• Exercise directions
Could you restate word for word every line from the one containing "Sanfte Träume Sind" to the end of the data below, pictures excluded?

• Entries shown
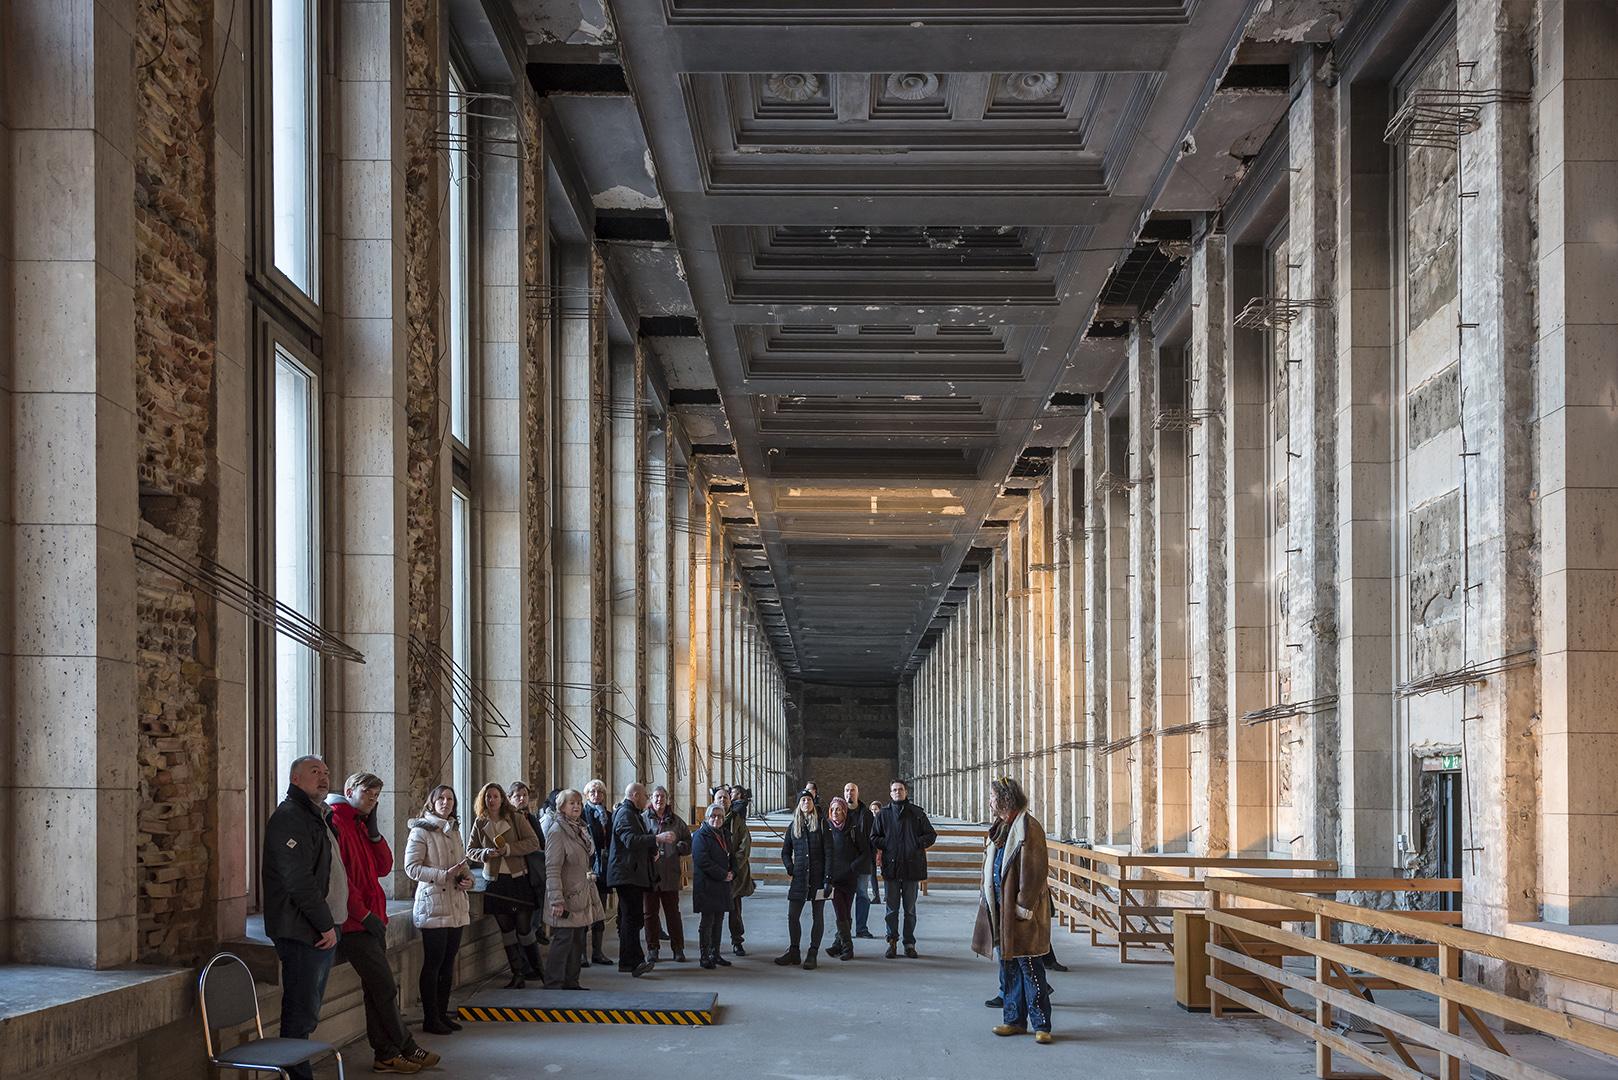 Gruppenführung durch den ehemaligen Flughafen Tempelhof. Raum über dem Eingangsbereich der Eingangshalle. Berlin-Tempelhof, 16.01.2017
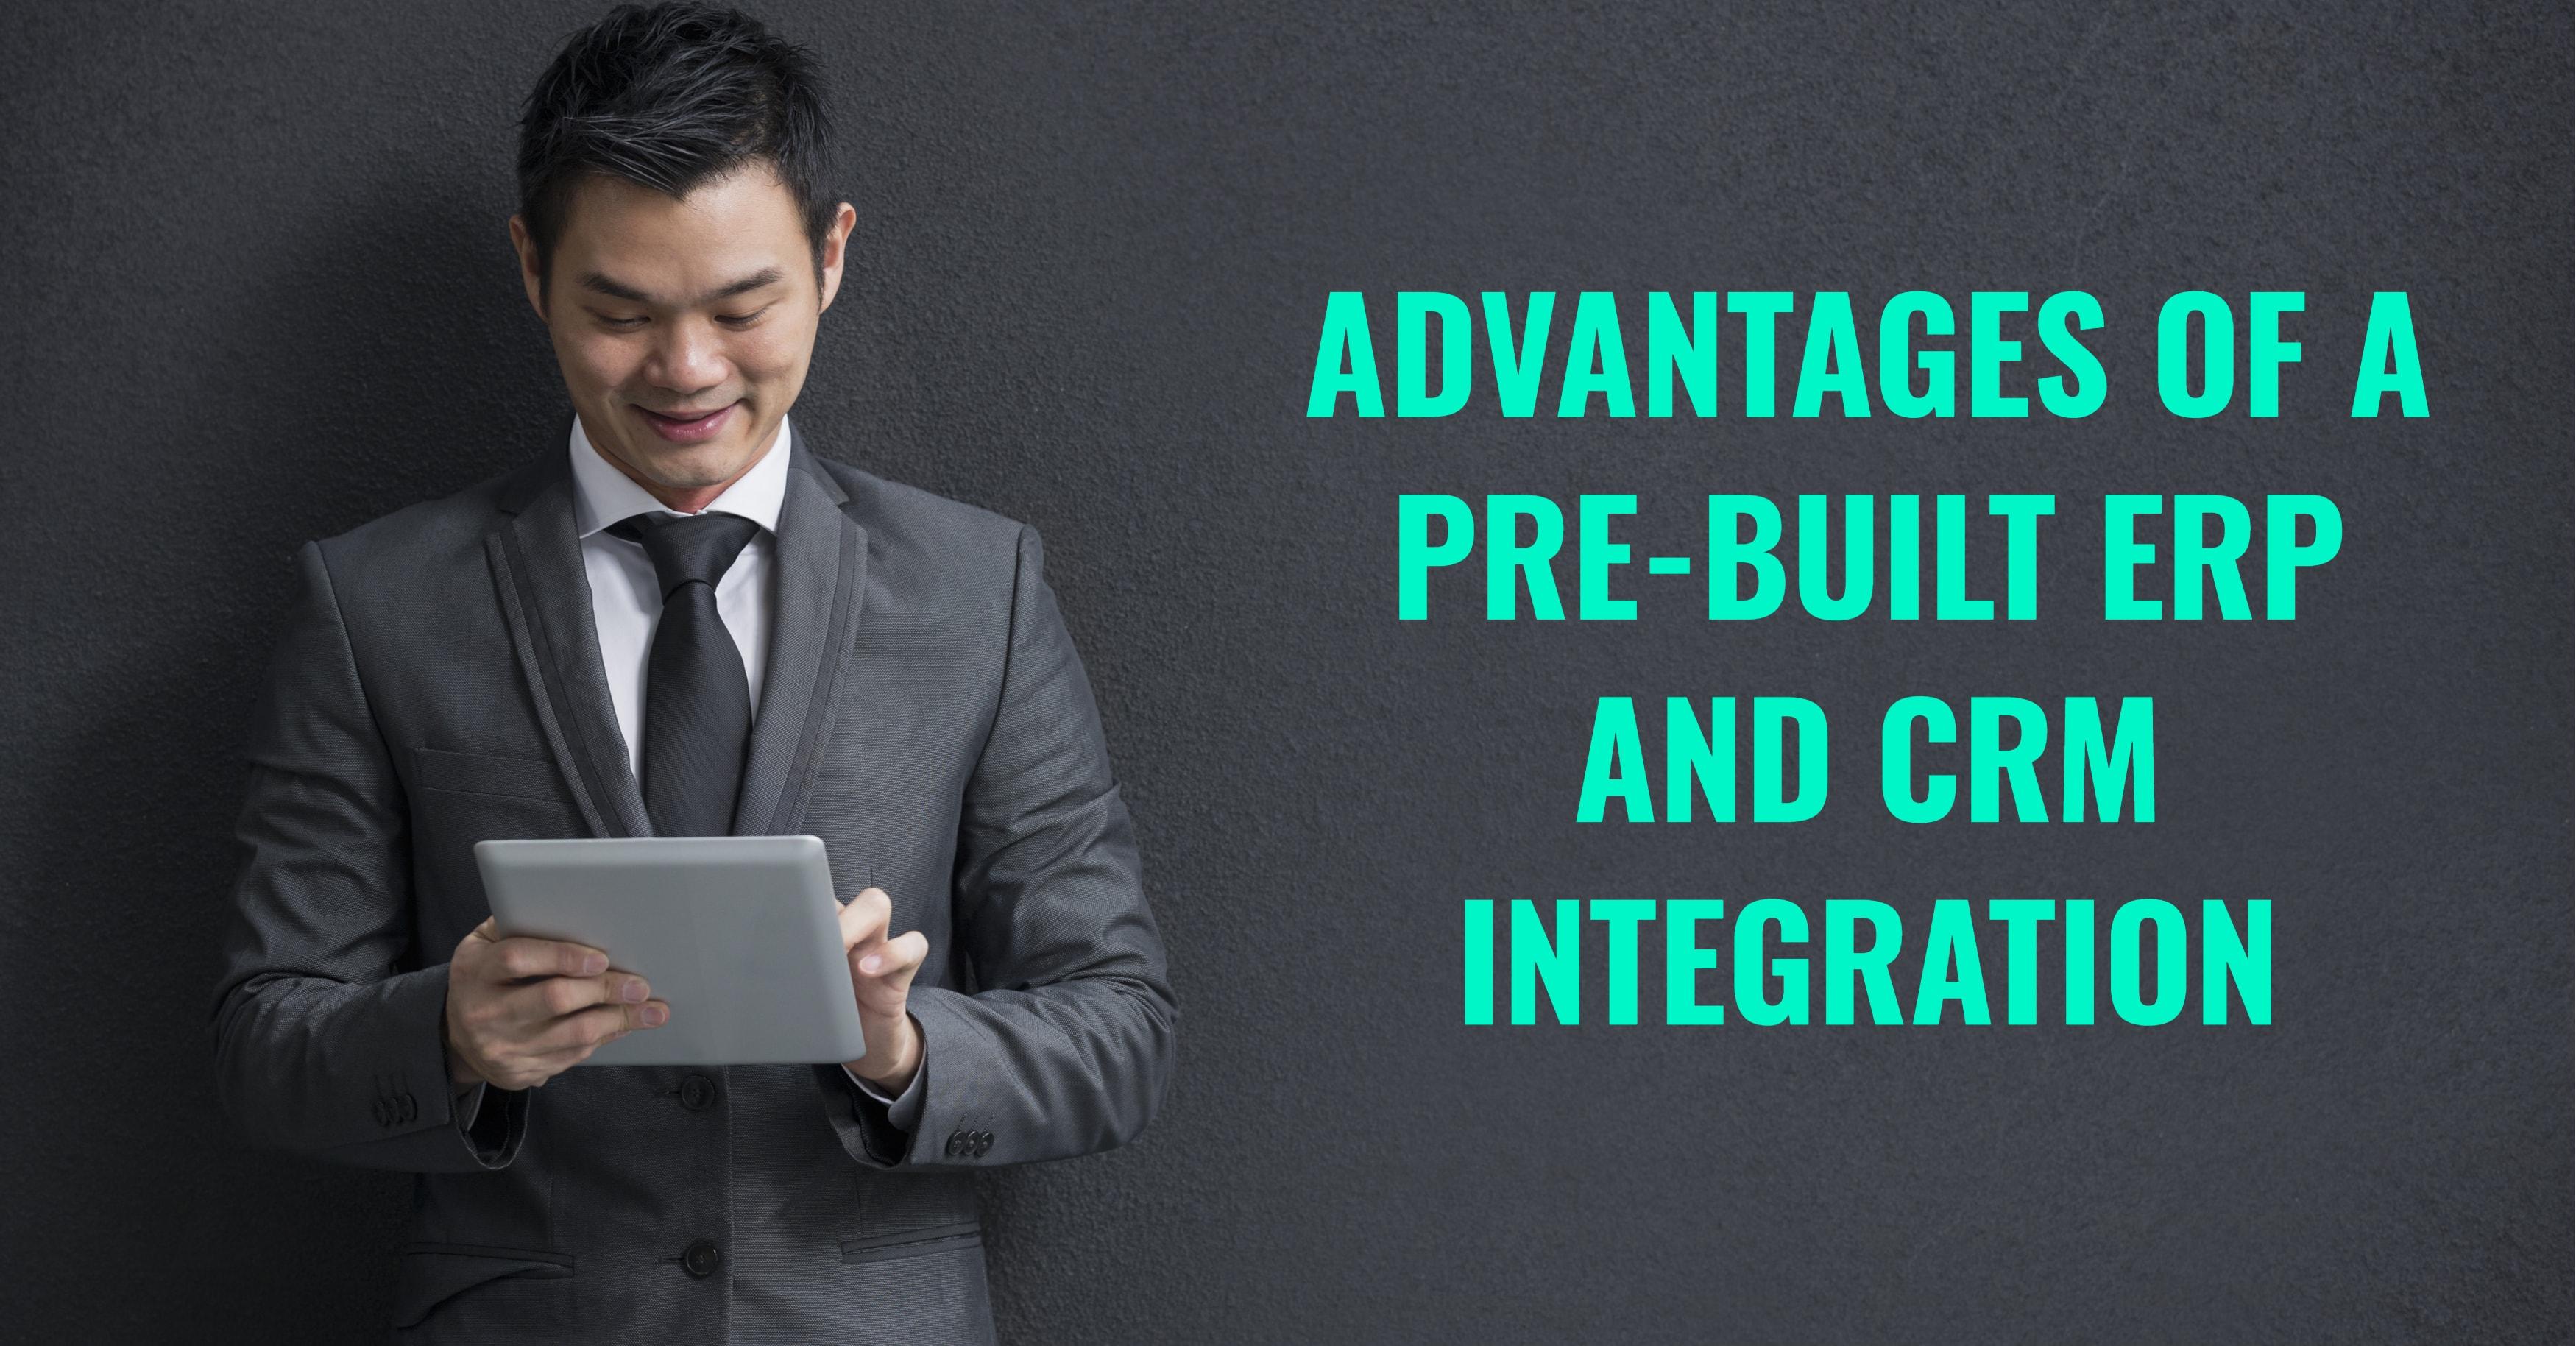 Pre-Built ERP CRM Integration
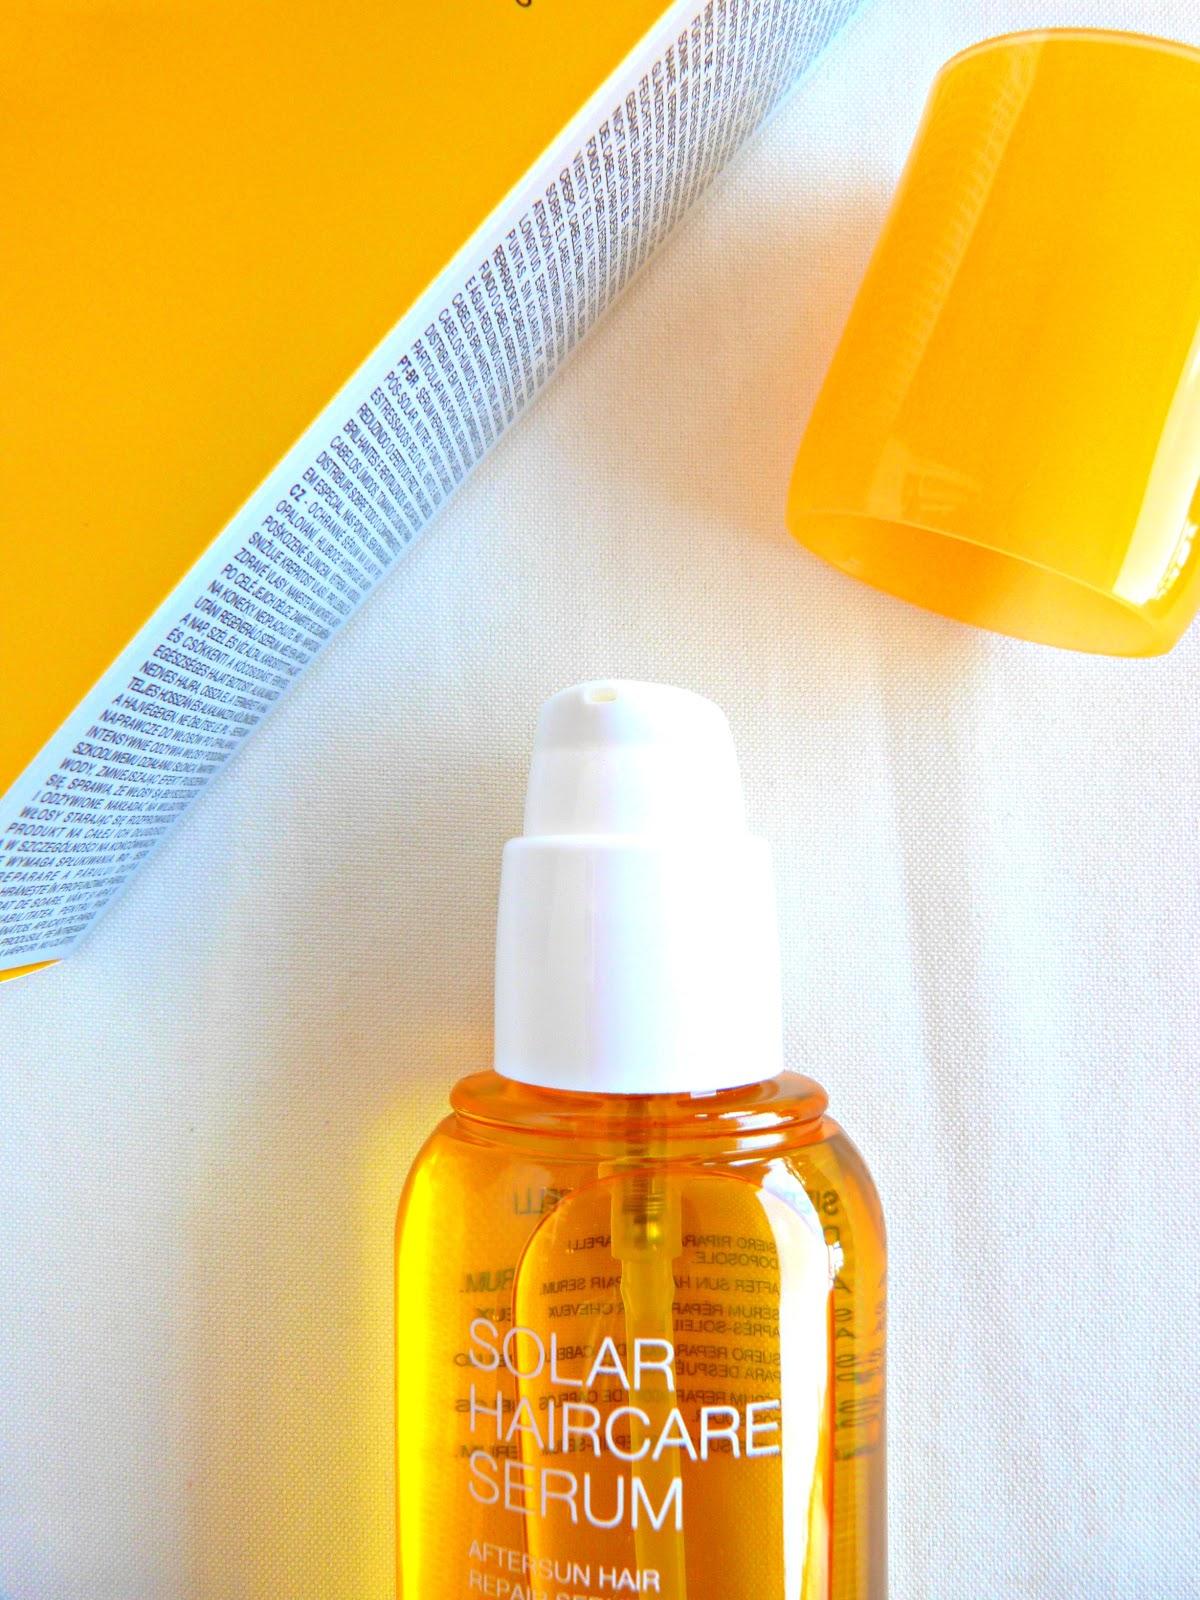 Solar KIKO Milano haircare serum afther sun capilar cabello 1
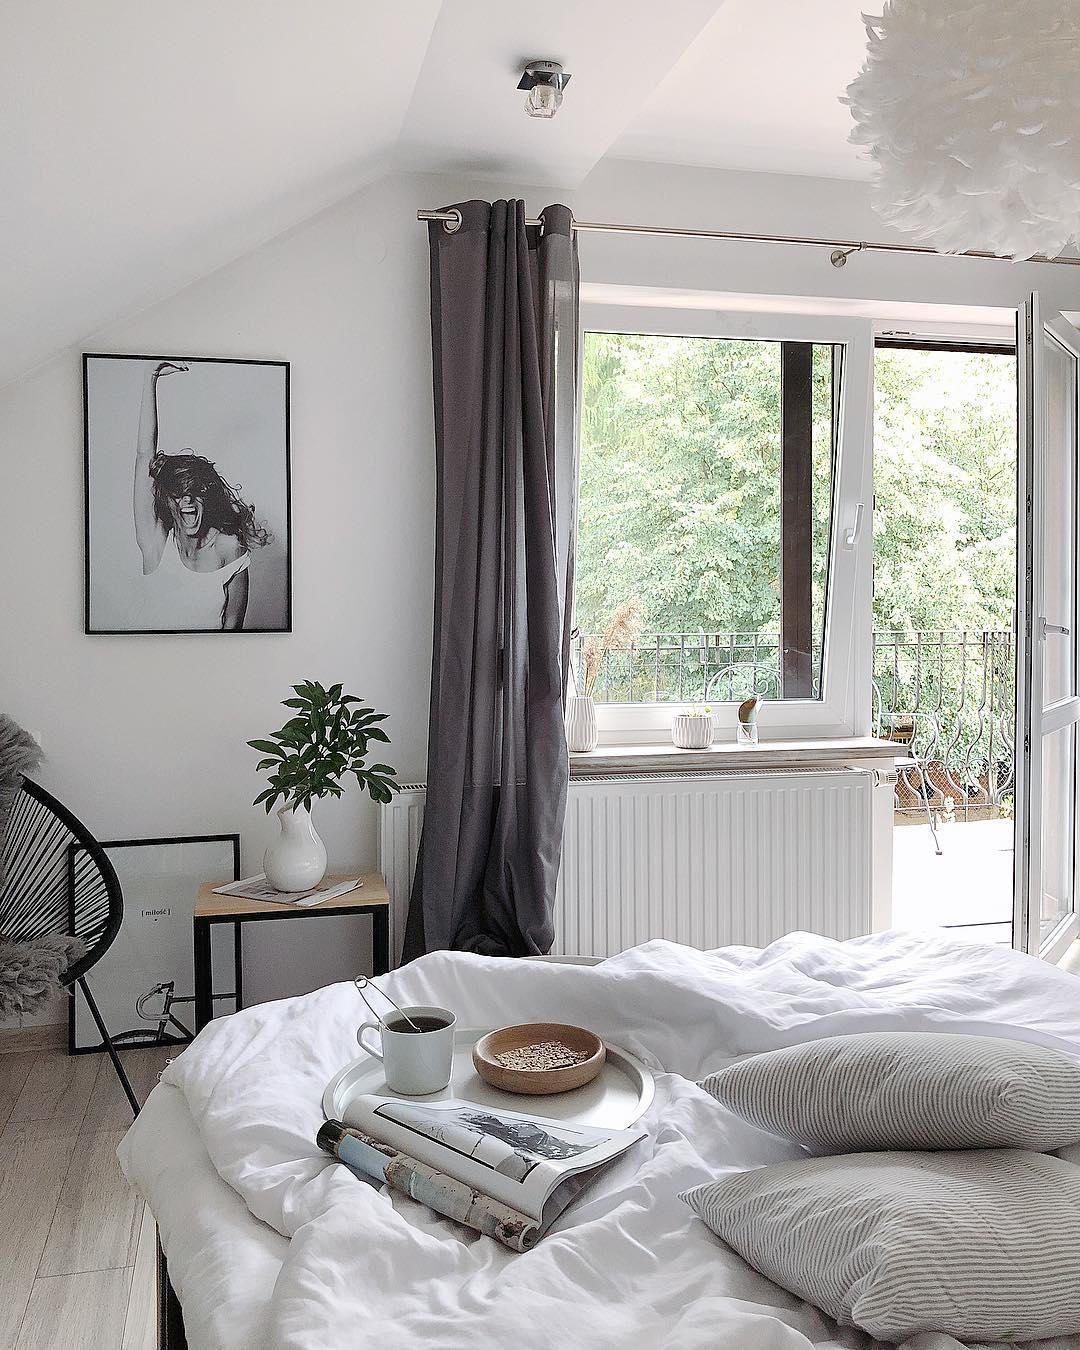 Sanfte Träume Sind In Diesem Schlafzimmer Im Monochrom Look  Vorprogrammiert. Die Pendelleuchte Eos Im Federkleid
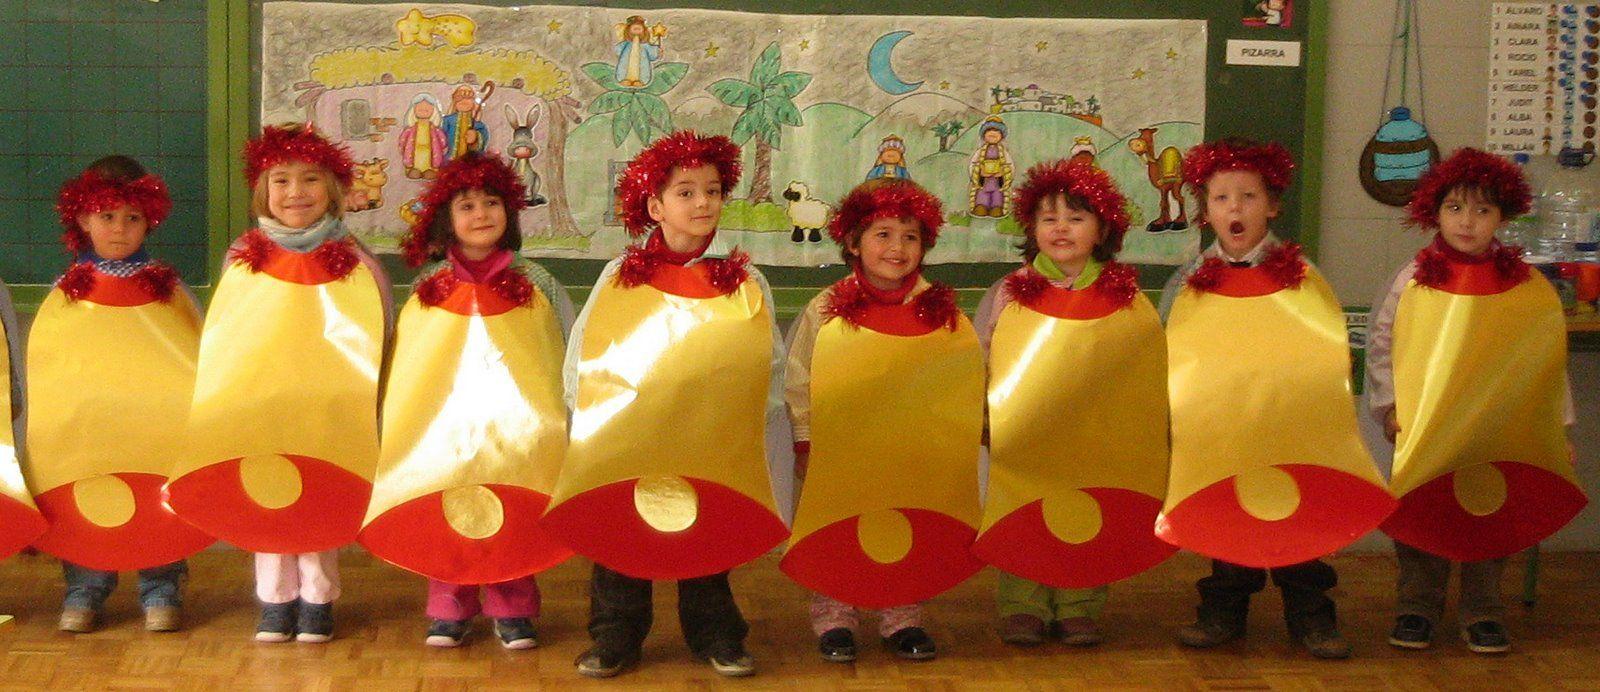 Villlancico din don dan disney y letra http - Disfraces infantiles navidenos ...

• Output of the exercise
 Sanfte Träume Sind In Diesem Schlafzimmer Im Monochrom Look  Vorprogrammiert. Die Pendelleuchte Eos Im Federkleid
 Villlancico din don dan disney y letra http - Disfraces infantiles navidenos ...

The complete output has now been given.